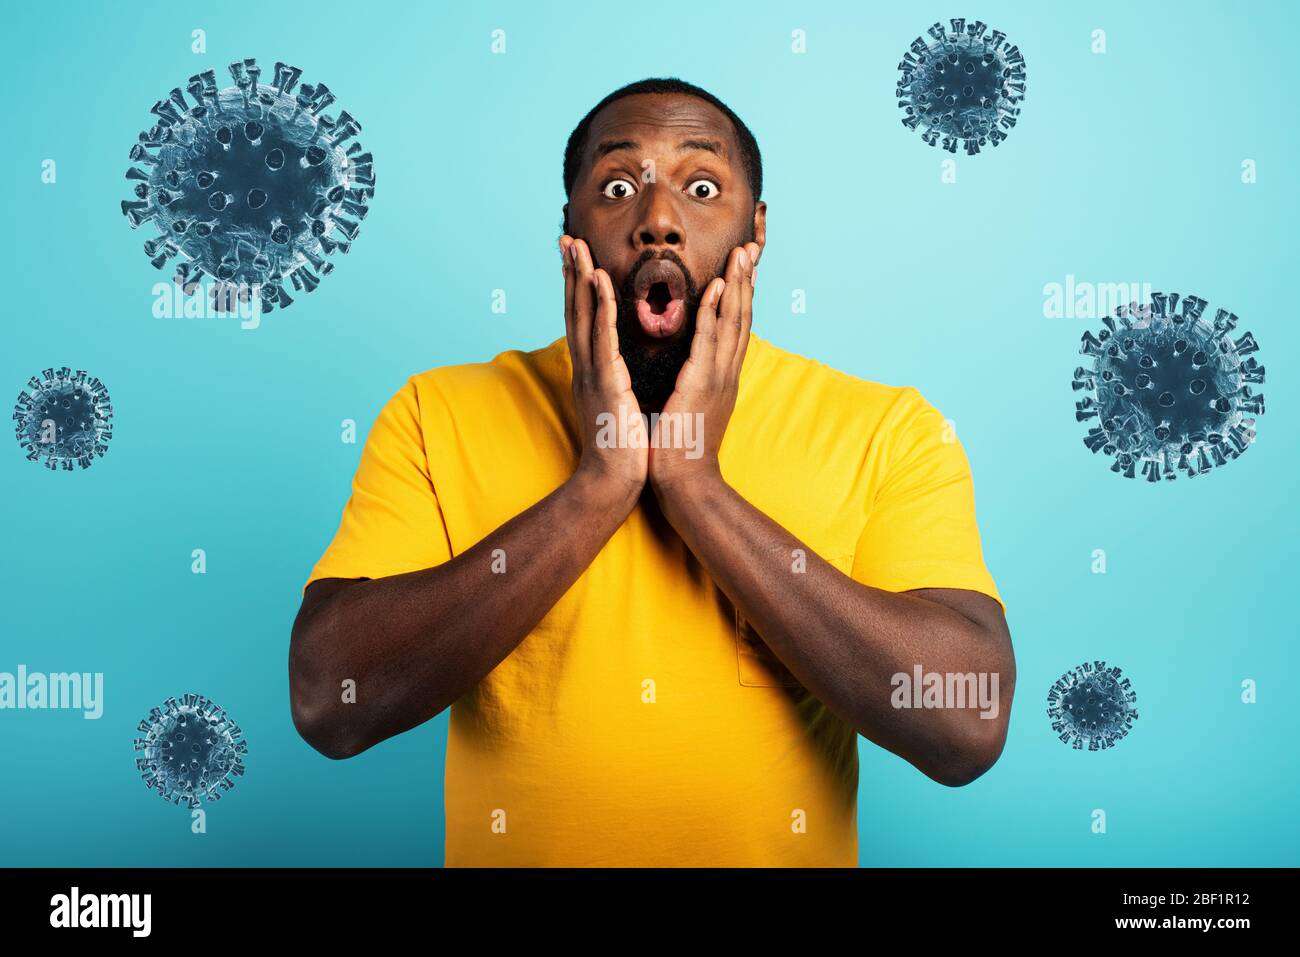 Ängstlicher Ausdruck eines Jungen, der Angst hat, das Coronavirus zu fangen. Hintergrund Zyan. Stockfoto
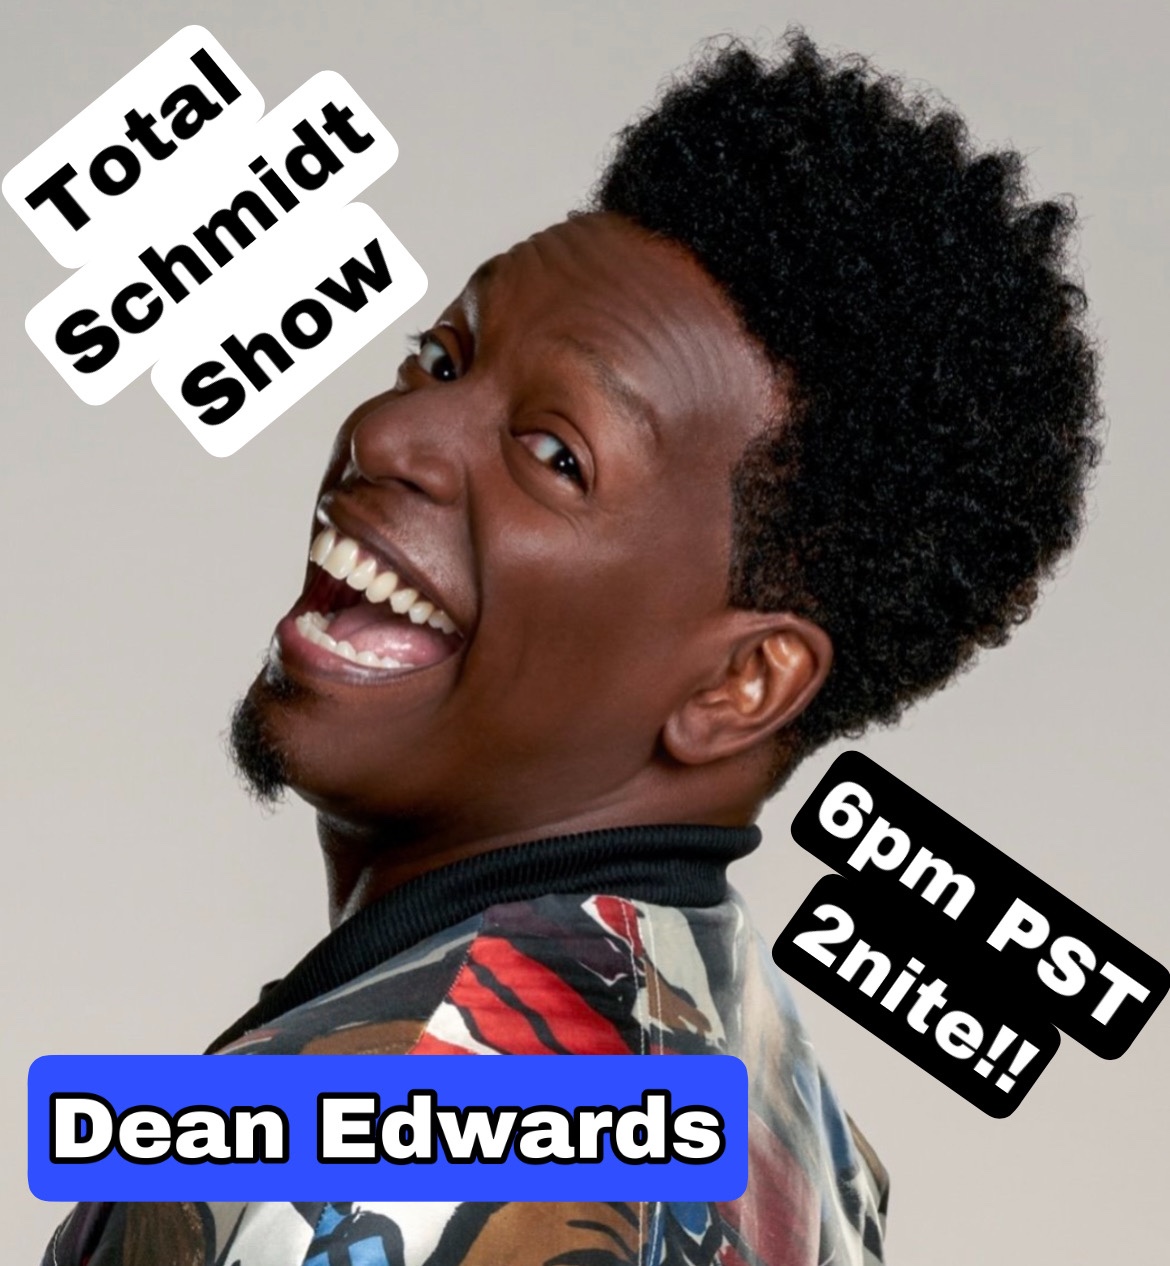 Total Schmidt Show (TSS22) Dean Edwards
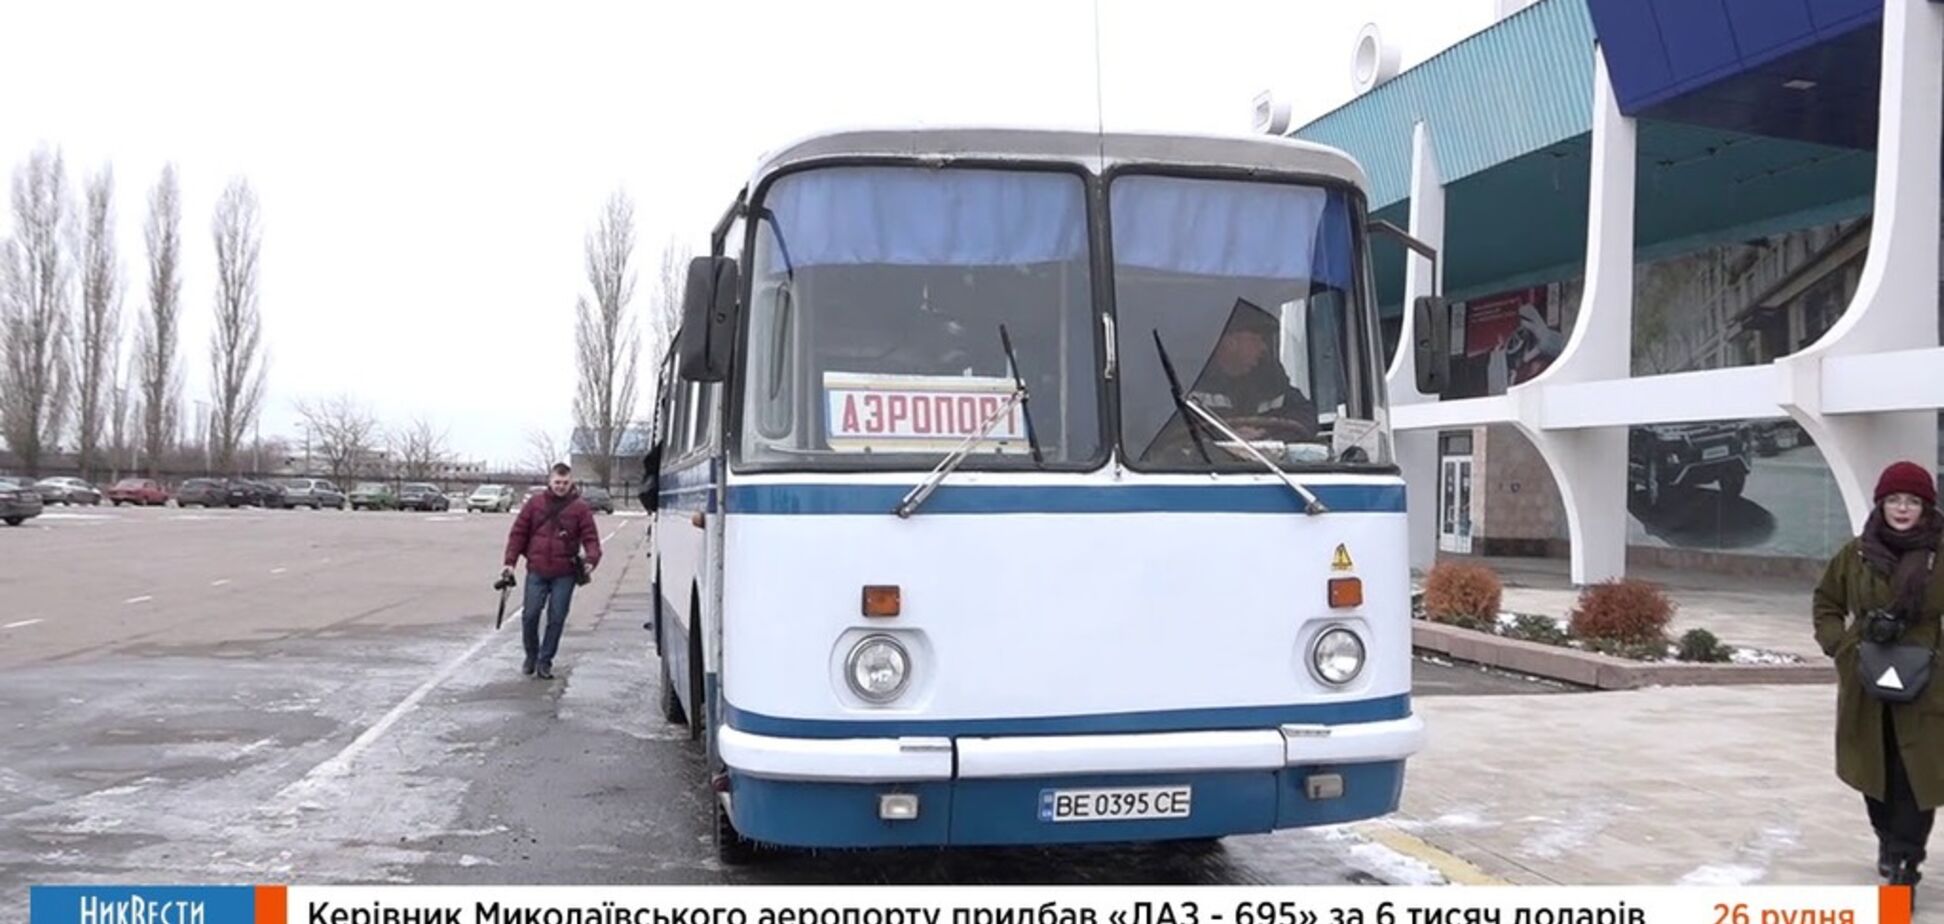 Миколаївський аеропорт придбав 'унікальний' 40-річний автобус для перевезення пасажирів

What the task requires ▸
Print all of the material exactly. Omit pictures.

Answer for this exercise ▸
 Ängstlicher Ausdruck eines Jungen, der Angst hat, das Coronavirus zu fangen. Hintergrund Zyan. Stockfoto
 Total Schmidt Show (TSS22) Dean Edwards
 Миколаївський аеропорт придбав 'унікальний' 40-річний автобус для перевезення пасажирів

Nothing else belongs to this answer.